Export problem with repeat groups - missing fields


(Peter MacPherson) #1

Hi,

I am using the data export tool.

Workflow is:

  1. Run Commcare-export tool in terminal on my Mac (Mac OS 10.14.2), calling a local excel file to update a local SQLite database using form data.
  2. Import tables (about 10 in total) from SQLite database into R for analysis.

However, for two forms, the imported variables appear incomplete and corrupted.

Both of the forms with problems have CommCare repeat patterns.

Some variable in the excel sheet don’t appear in the download, and some additional variable names (particularly in the repeat group questions) are incorrect.

Very grateful for suggestions as to how to resolve, as currently can’t access important data.


(Clayton Sims) #2

Hi Peter,

Can you be a bit more concrete about how the variables are incorrect or corrupted, and what the variables look like from the SQLite database?

It would help to know if the issue is in the structure of the data or in the transfer to the local db.

-Clayton


(Peter MacPherson) #3

Hi Clayton,

Thanks for your response.

So, a bit more detail (simplified for ease of understanding below):

  • I have 13 forms in total, call them Form A: Form M for simplicity.
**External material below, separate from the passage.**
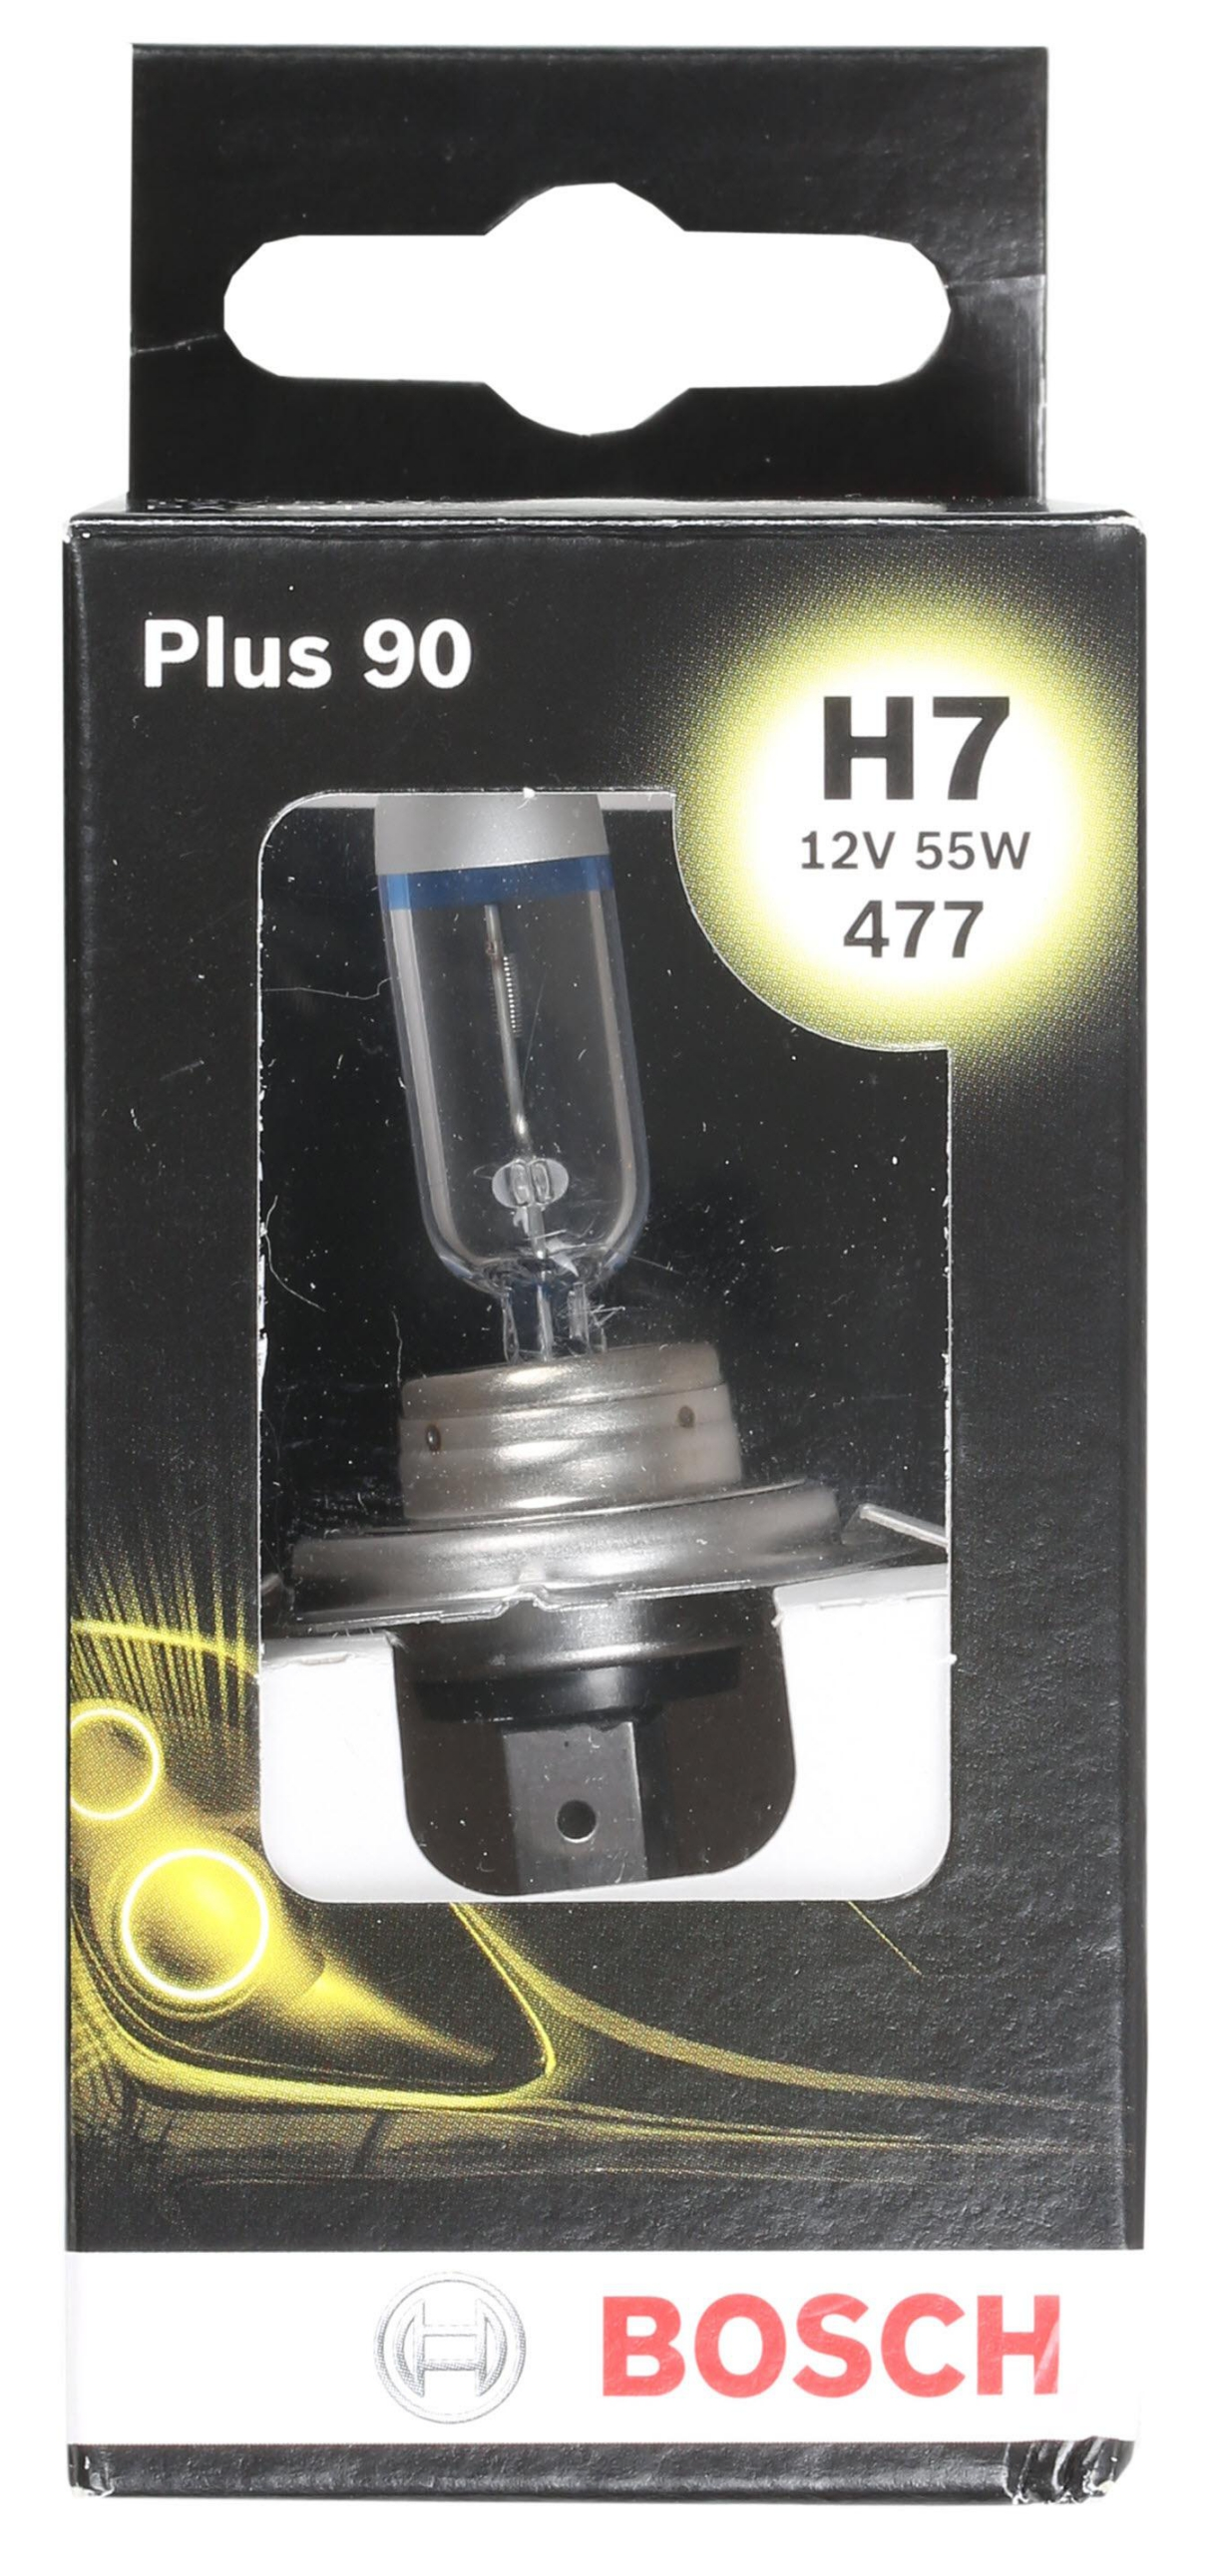 bosch plus 90 car front headlamp bulb 477 x1 h7 55w 12v. Black Bedroom Furniture Sets. Home Design Ideas

Form A is a case registration form, and Forms B to M are case list forms.
  • Only forms G and H have repeat patterns in them.
  • In Form H, I have questions such as: h0001_age, h0002_sex etc.
  • Form H additionally has has a question h0010_clinic_visit (“How many times have you visited the clinic”?)
  • There is then a repeat loop, with questions h0011_clinic_name to h0019_dateofvisit, that ask details of each clinic visit.
  • There is a similar pattern in Form G, but none of the other forms have repeat patterns.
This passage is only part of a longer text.